Через десять минут четверка оленей запряжена в нарты. Вылка стоит с хореем, выжидательно смотрит на нас.
— Пускай! — кричим мы.
Вылка падает в нарты, олени рвутся, нарты со свистом летят по мху, ненцы хохочут. Вылка потягивает оленей хореем, направляя по громадной дуге, нарты подскакивают на кочках, Вылка, выбросив ноги в стороны, балансирует, отталкиваясь пятками от земли, скрывается вдали за стадом. Потом показывается опять и летит уже к нам — олени легко перебирают ногами, рога их закинуты к спине, ноздри раздуты. Они ослепительно белы под солнцем, как снежное чудо.
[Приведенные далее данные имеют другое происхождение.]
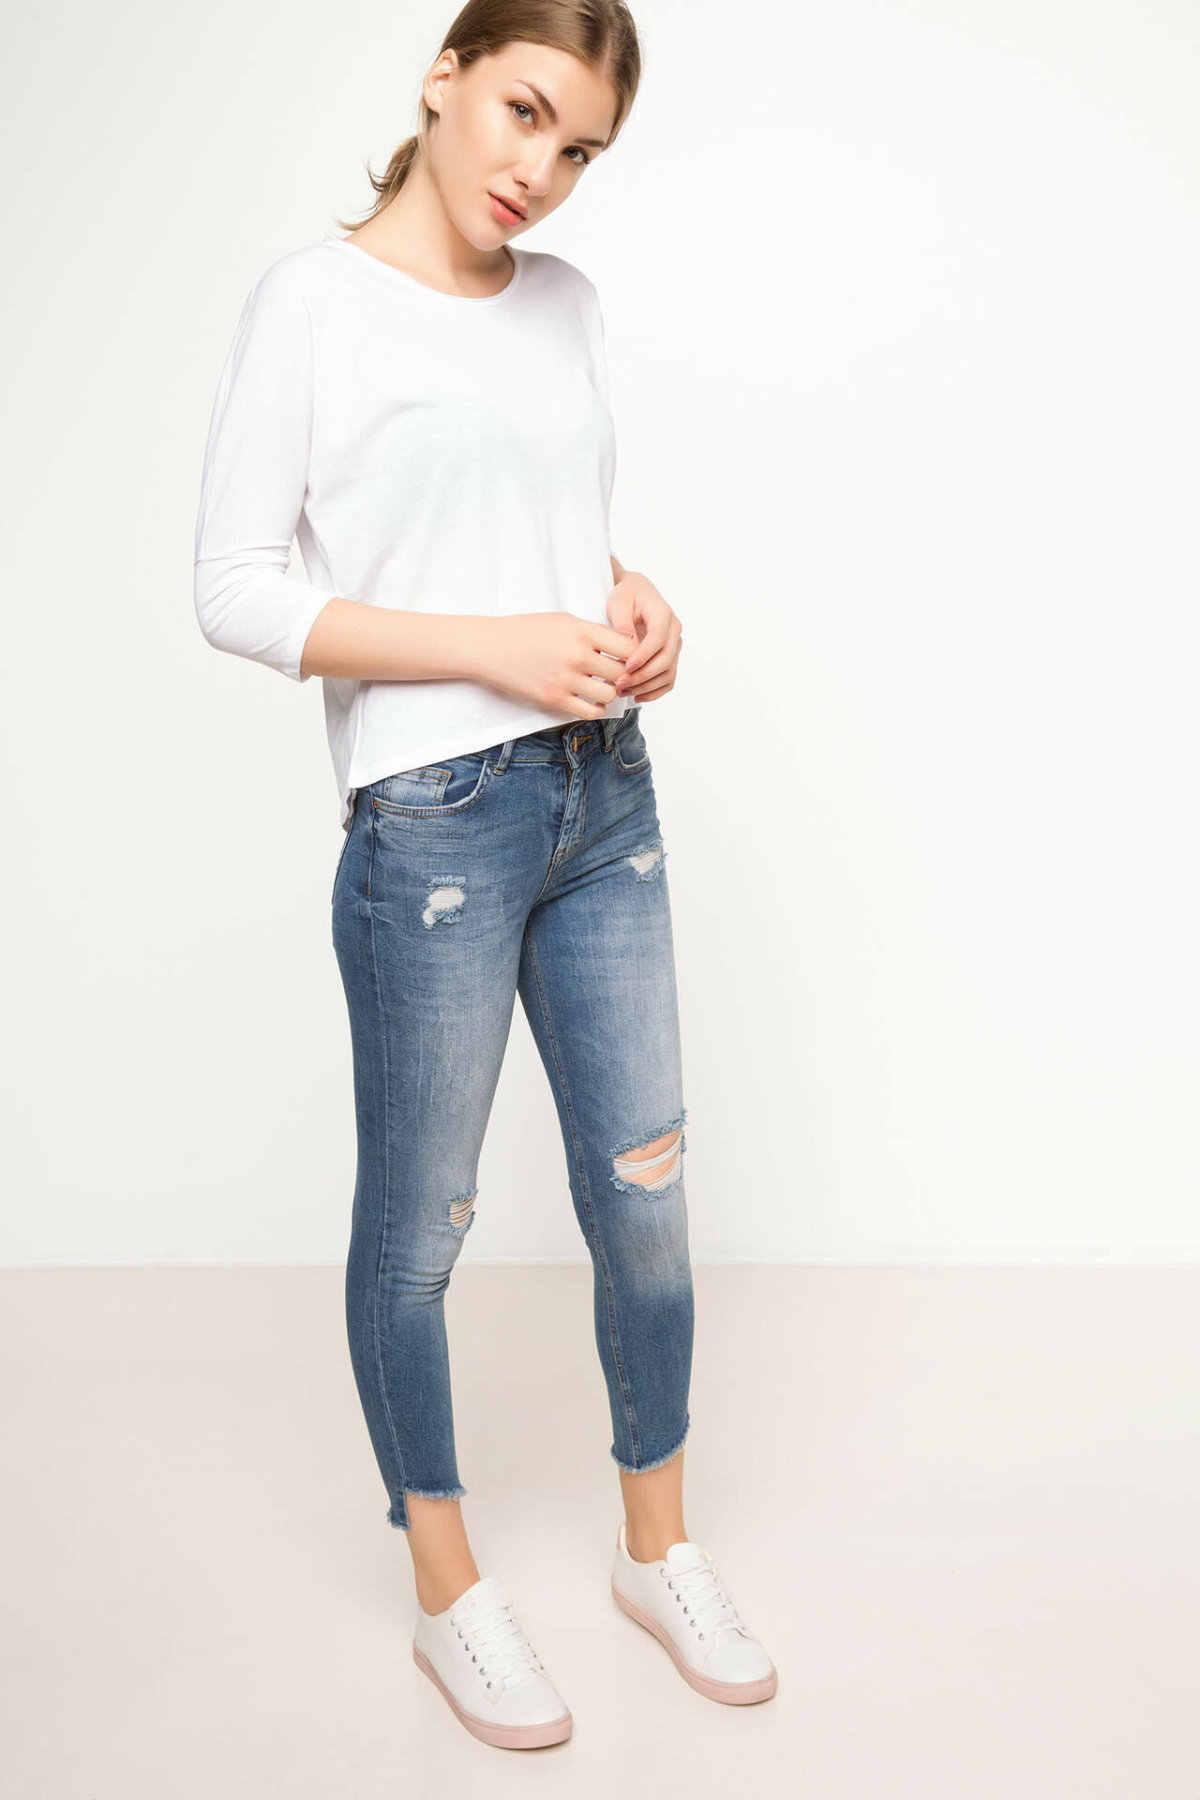 Defacto Wanita Lengan Panjang Kasual Wanita Hitam T-shirt Katun Longgar Leher O Top Tee untuk Musim Gugur Wanita Tops-H9640AZ17AU

Когда смотришь на них, становится будто бы прохладнее.
А еще часа через два мы прощаемся, нас зовут в гости зимой, выходят с нами вместе, на берег, мы налегаем на карбас, сталкиваем его в воду, вскакиваем, умащиваемся на веслах...
Поднятые руки, невнятные прощальные крики, свежий ветерок, а ненцы, и олени, и чумы отдаляются, отдаляются, и с этим ничего не поделаешь.
Целый день потом мы гребем по озерам, купаемся, бредем тундрой, рвем морошку и чернику, проходим опять мхами, болотцами, карликовым лесом — все время лицом к солнцу, к морю.
Даль между тем затягивается дымкой, мы думаем о пожаре в лесах, но это не пожар, это наползает с моря туман, заволакивает солнце и дышит холодом. А к вечеру приползают и тучи, и ночью уже идет дождь, значит, конец душной муке! И мы все время вспоминаем ненцев и оленей, воображая их радость дождю.
А через четыре года на зверобойной шхуне «Моряна» я собрался идти в Карское море на промысел белухи. Как забилось, как заныло мое сердце, когда я узнал, что шхуна наша зайдет на Новую Землю!